Since *CaNS* loads the external pencil decomposition libraries as Git Submodules, the repository should be cloned as follows:
```bash
git clone --recursive https://github.com/CaNS-World/CaNS
```
so the libraries are downloaded too. Alternatively, in case the repository has already been cloned without the Submodules (i.e., folders `cuDecomp` and `2decomp-fft` under `dependencies/` are empty), the following command can be used to update them:
```bash
git submodule update --init --recursive
```

### Compilation

#### Prerequisites
The prerequisites for compiling CaNS are the following:

* MPI
* FFTW3/cuFFT library for CPU/GPU runs
* The `nvfortran` compiler (for GPU runs)
* NCCL and NVSHMEM (optional, may be exploited by the cuDecomp library)
* OpenMP (optional)

#### In short
For most systems, CaNS can be compiled from the root directory with the following commands `make libs && make`, which will compile the 2DECOMP&FFT/cuDecomp libraries, and CaNS.

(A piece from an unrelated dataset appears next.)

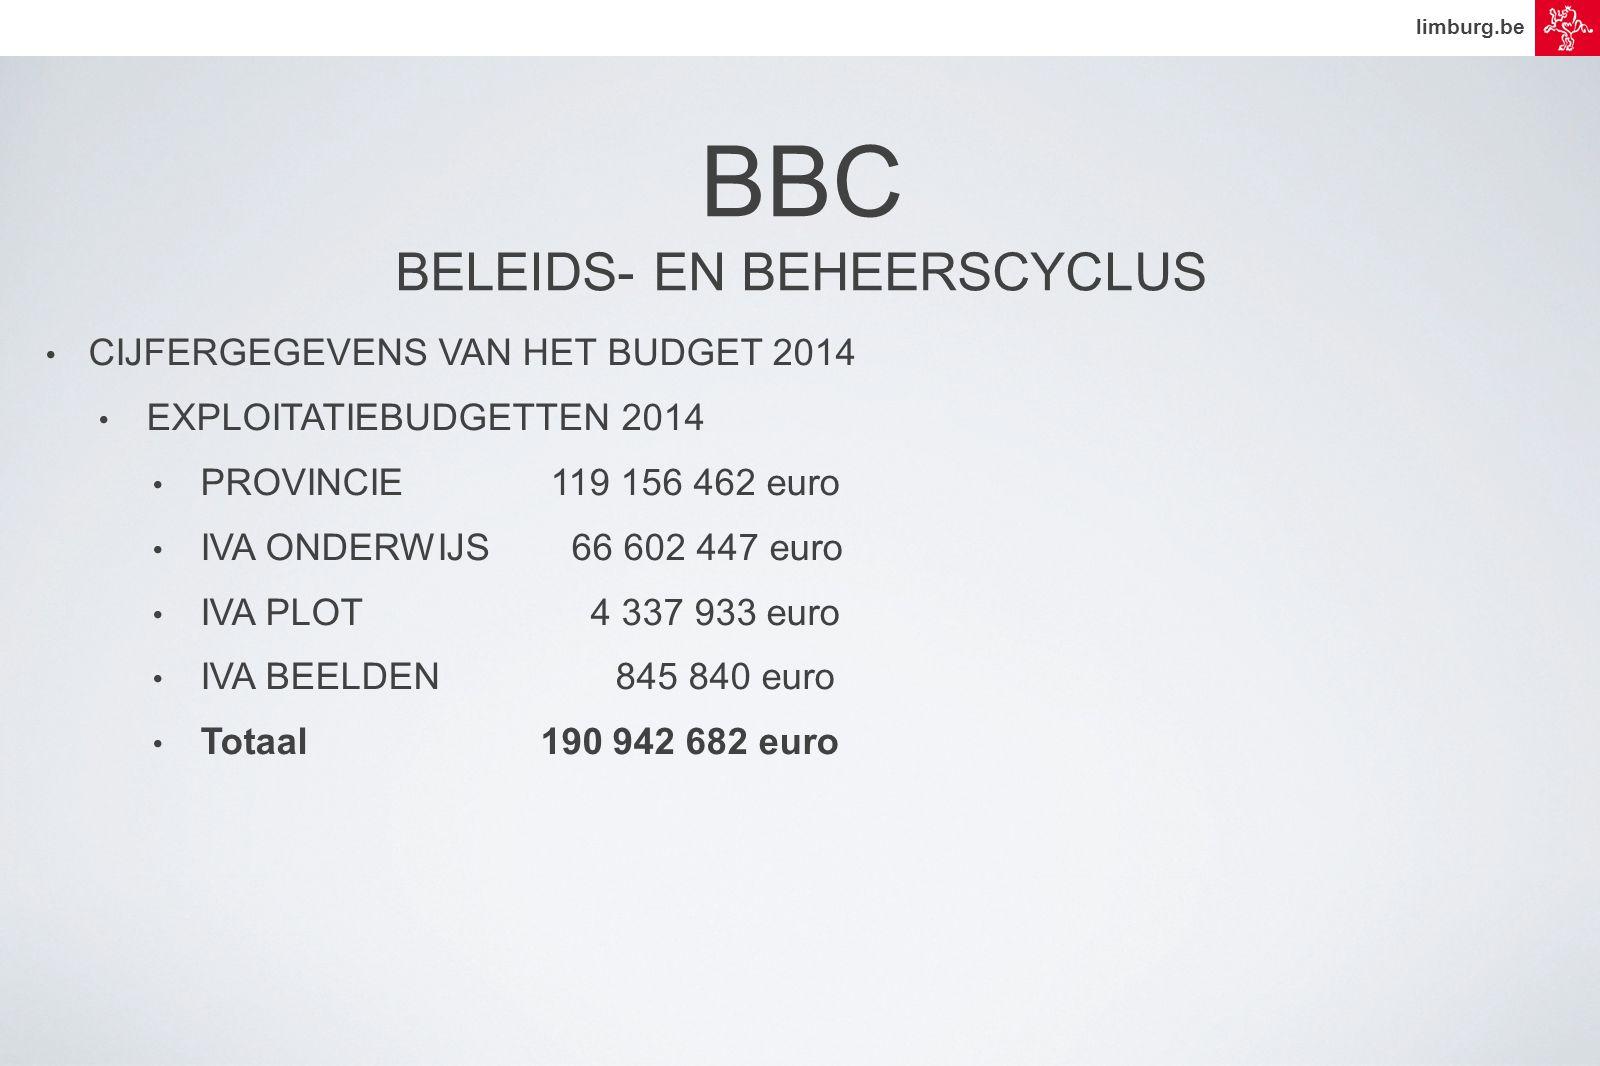 limburg.be • CIJFERGEGEVENS VAN HET BUDGET 2014 • EXPLOITATIEBUDGETTEN 2014 • PROVINCIE 119 156 462 euro • IVA ONDERWIJS 66 602 447 euro • IVA PLOT 4 337 933 euro • IVA BEELDEN 845 840 euro • Totaal 190 942 682 euro BBC BELEIDS- EN BEHEERSCYCLUS

#### Detailed instructions
The `Makefile` in root directory is used to compile the code, and is expected to work out-of-the-box for most systems. The `build.conf` file in the root directory can be used to choose the Fortran compiler (MPI wrapper), and a few pre-defined profiles depending on the nature of the run (e.g., production vs debugging), and pre-processing options, see [`INFO_COMPILING.md`](docs/INFO_COMPILING.md) for more details. Concerning the pre-processing options, the following are available:

* `DEBUG` : performs some basic checks for debugging purposes
* `TIMING` : wall-clock time per time step is computed
* `IMPDIFF` : diffusion terms are integrated implicitly in time (thereby improving the stability of the numerical algorithm for viscous-dominated flows)
* `IMPDIFF_1D` : same as above, but with implicit diffusion *only* along Z; *for optimal parallel performance this option should be combined with* `PENCIL_AXIS=3`
* `PENCIL_AXIS` : sets the default pencil direction, one of [1,2,3] for [X,Y,Z]-aligned pencils; X-aligned is the default and should be optimal for all cases except for Z implicit diffusion, where using Z-pencils is recommended
* `SINGLE_PRECISION` : calculation will be carried out in single precision (the default precision is double)
* `GPU` : enable GPU-accelerated runs
* `USE_NVTX` : enable [NVTX](https://s.nvidia.com/nsight-visual-studio-edition/nvtx) tags for profiling

### Input file

The input file `input.nml` sets the physical and computational parameters. In the `examples/` folder are examples of input files for several canonical flows. See [`INFO_INPUT.md`](docs/INFO_INPUT.md) for a detailed description of the input file.

Files `out1d.h90`, `out2d.h90` and `out3d.h90` in `src/` set which data are written in 1-, 2- and 3-dimensional output files, respectively. *The code should be recompiled after editing out?d.h90 files*.

### Running the code

Run the executable with `mpirun` with a number of tasks complying to what has been set in the input file `dns.in`. Data will be written by default in a folder named `data/`, which must be located where the executable is run (by default in the `run/` folder).

### Visualizing field data

See [`INFO_VISU.md`](docs/INFO_VISU.md).

## Contributing

We appreciate any contributions and feedback that can improve CaNS. If you wish to contribute to the tool, please get in touch with the maintainers or open an Issue in the repository / a thread in Discussions. Pull Requests are welcome, but please propose/discuss the changes in an linked Issue first.

## Final notes

Please read the `ACKNOWLEDGEMENTS`, `LICENSE` files.